If you’re finding that your kids are taking advantage of lazy summer days with too much screen time, here are five things to do to establish guidelines between now and the time school starts to create digital wellness in your home.
Unplug and have a talk about the various devices in your home and what they think is an appropriate amount of screen time. Depending on the age of your children, this is a time limit that you may choose to set on your own or one to negotiate with your older children. Regardless, they’re more likely to comply if they’re involved in the conversation rather than having the gauntlet laid down and screens taken away.
Figure out how you want to allocate screen time. For some families, a daily limit works best while others prefer to evaluate time in front of screens over the course of a week. Also consider whether screen time will happen all at once or if it should be happen during different times of the day.

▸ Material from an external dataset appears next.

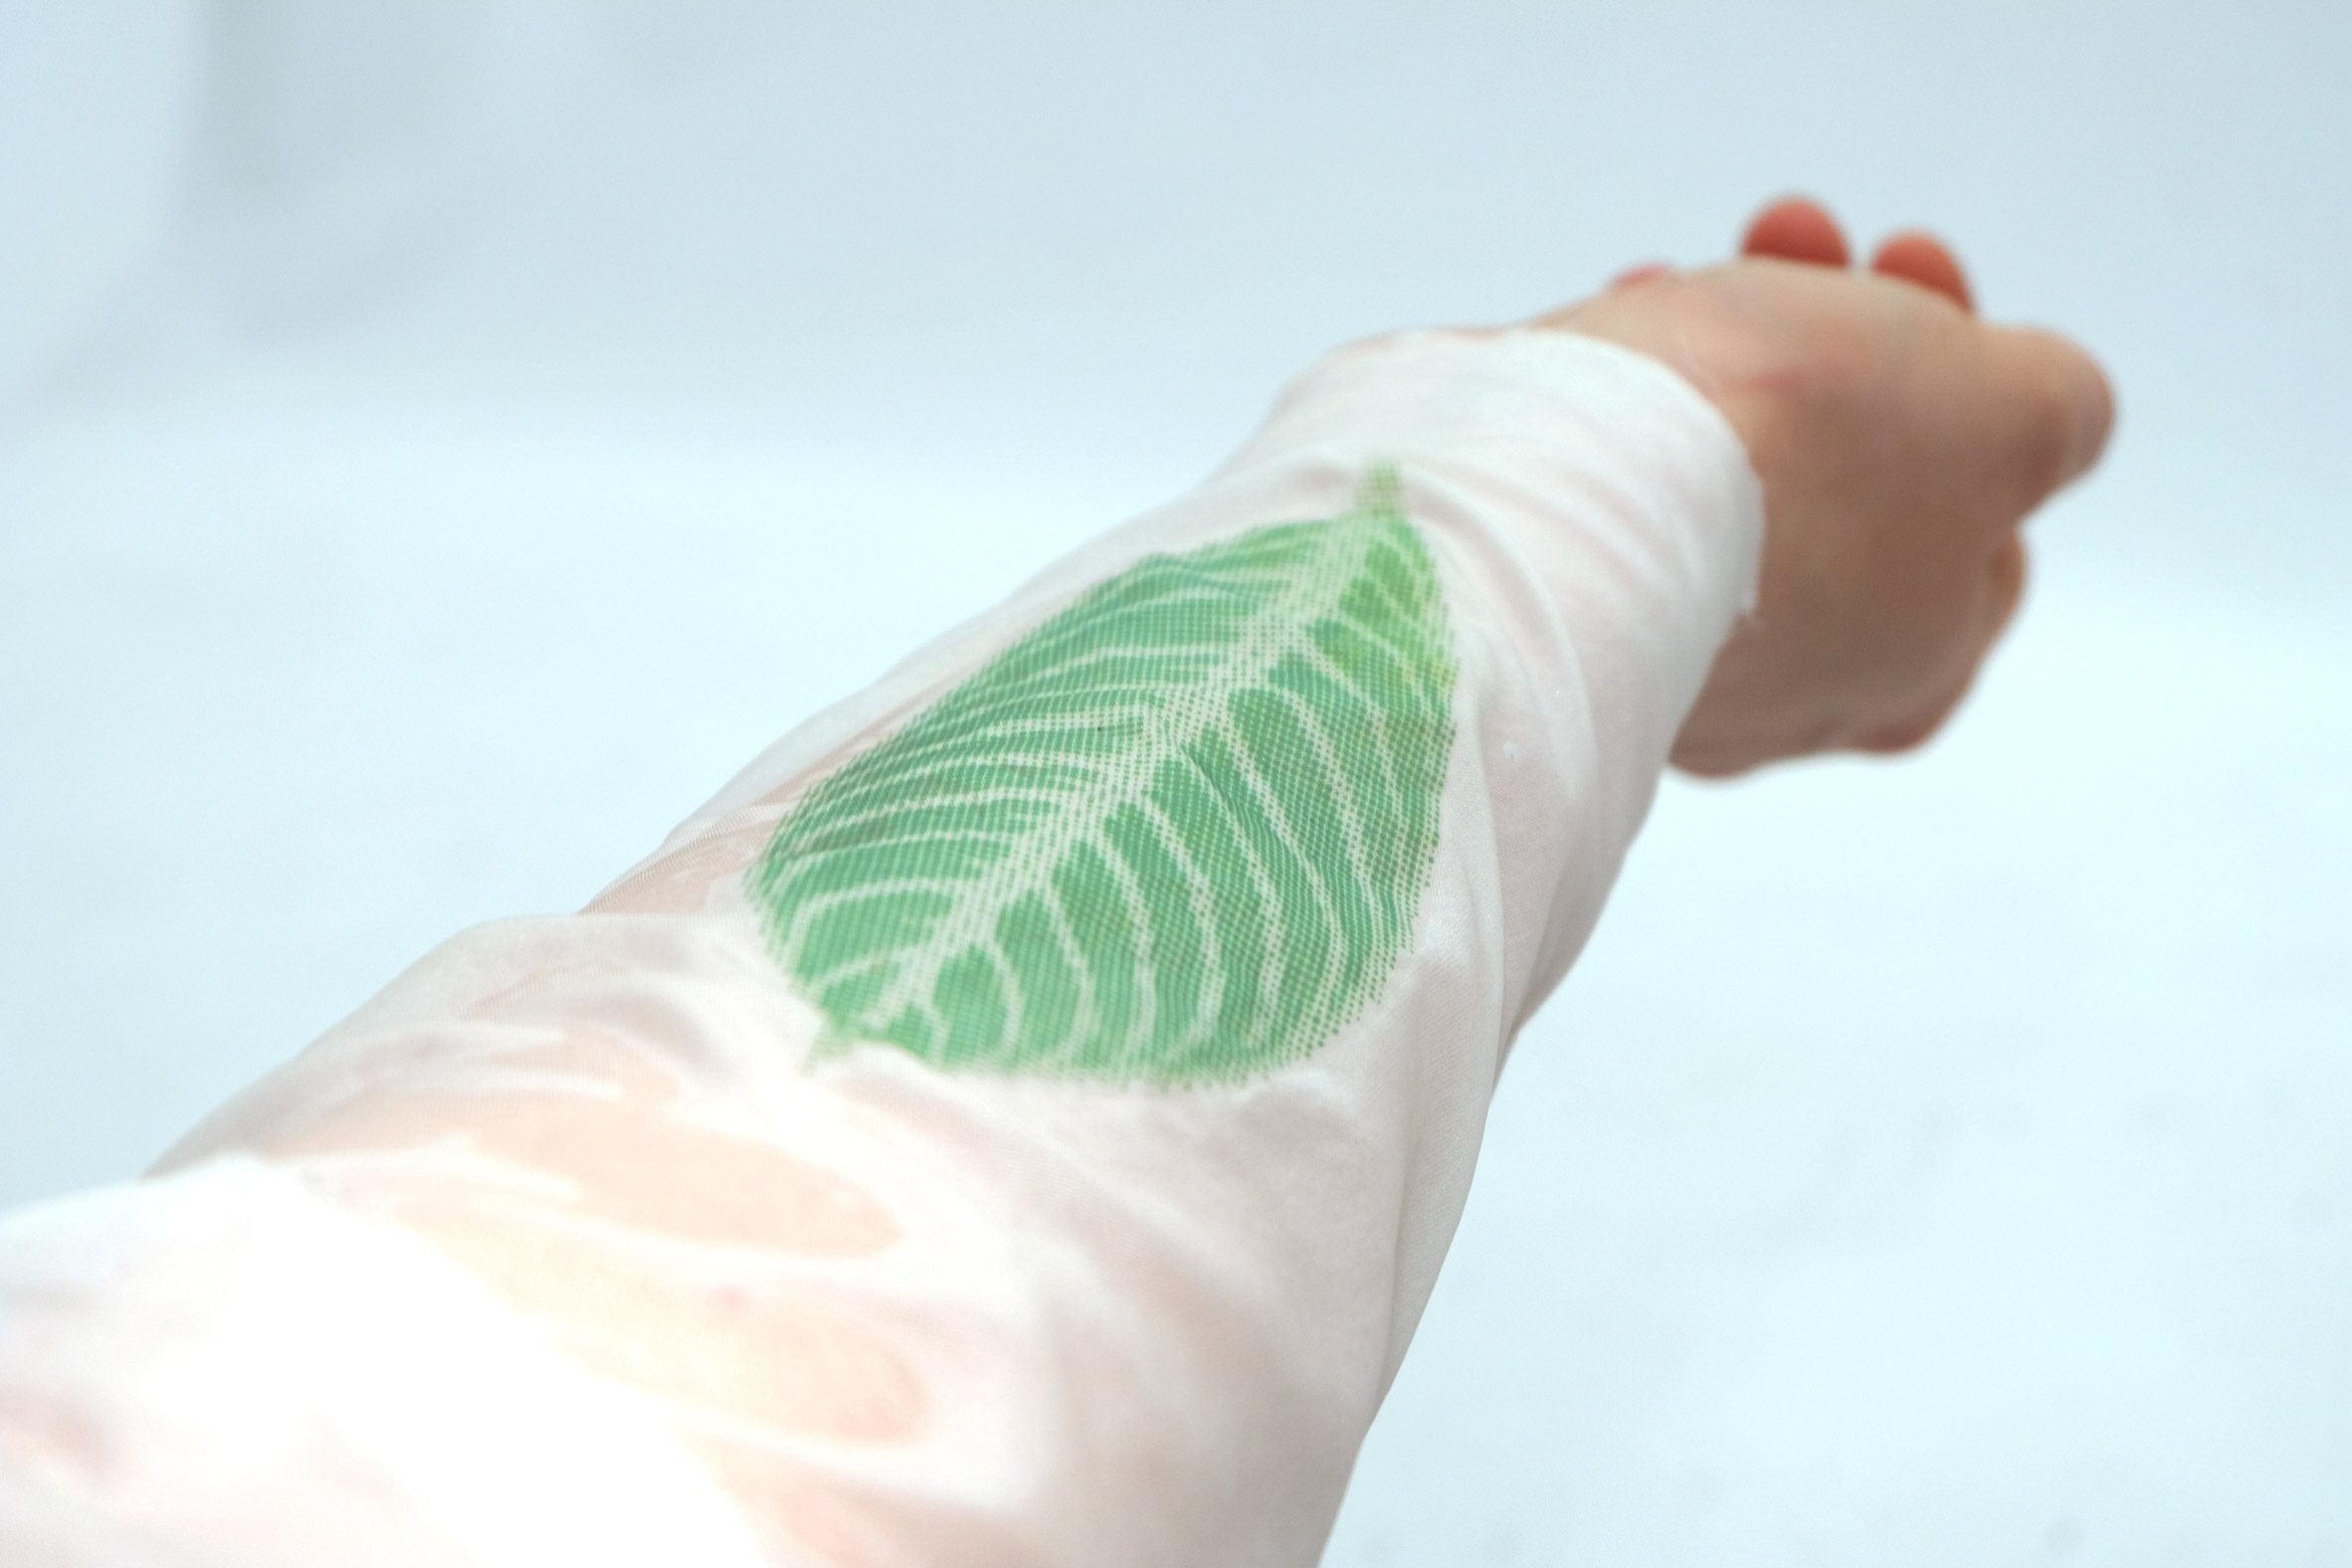 A leaf design on fabric
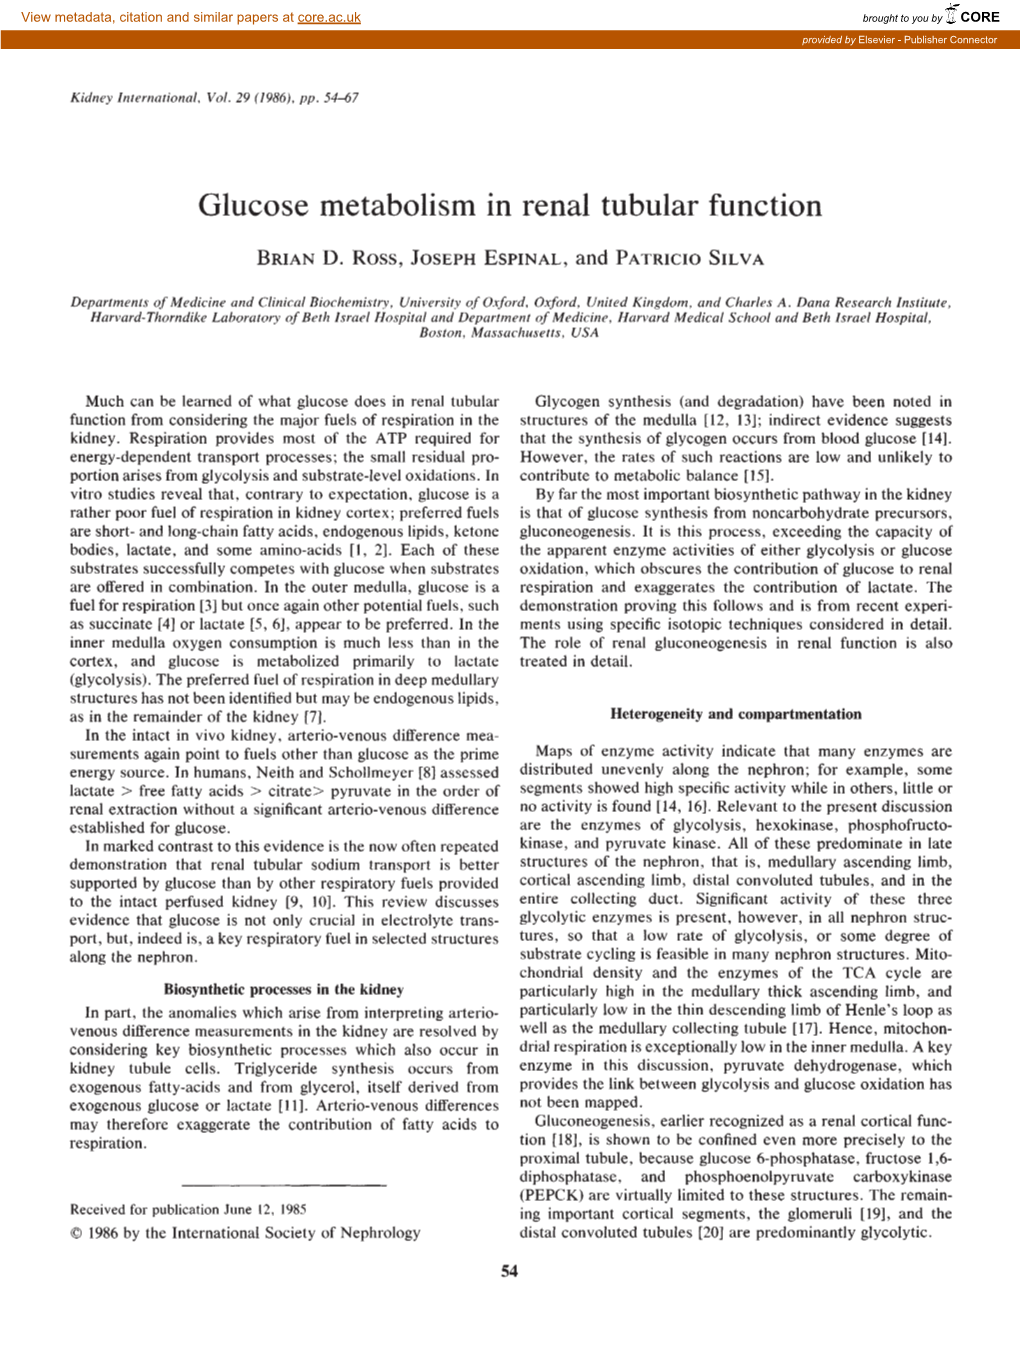 Glucose Metabolism in Renal Tubular Function

Pull out the timer. Some devices have built in timers that are helpful but a kitchen timer can be helpful for everyone in the house. A parent’s desire to sit down and take “just 5 minutes” to send a “quick” work email can turn into much longer just as easily as a child’s cry of “10 more minutes ple-ase!”
Set a good example. If you don’t want your kids playing on their handheld gaming devices all the time, find a way to disconnect too. Our kids how see how much we rely on our Blackberries and iPhones and while it may be a necessity for work and difficult to avoid checking email while in their presence, being able to put down our smartphones demonstrates that we don’t need to be in front of screens all the time either.
Be flexible. Realize that the guidelines that you establish at home aren’t set in stone. After spending long hot day outside at camp or at the pool, it may be beneficial to cool off on the couch in front of a movie. When traveling long distances by air or car, it’s often helpful to give kids some extra screen time to make the time pass faster.
The bottom line is that every family is different. Figure out what’s best for your family to achieve a healthy balance of screen time this summer and beyond.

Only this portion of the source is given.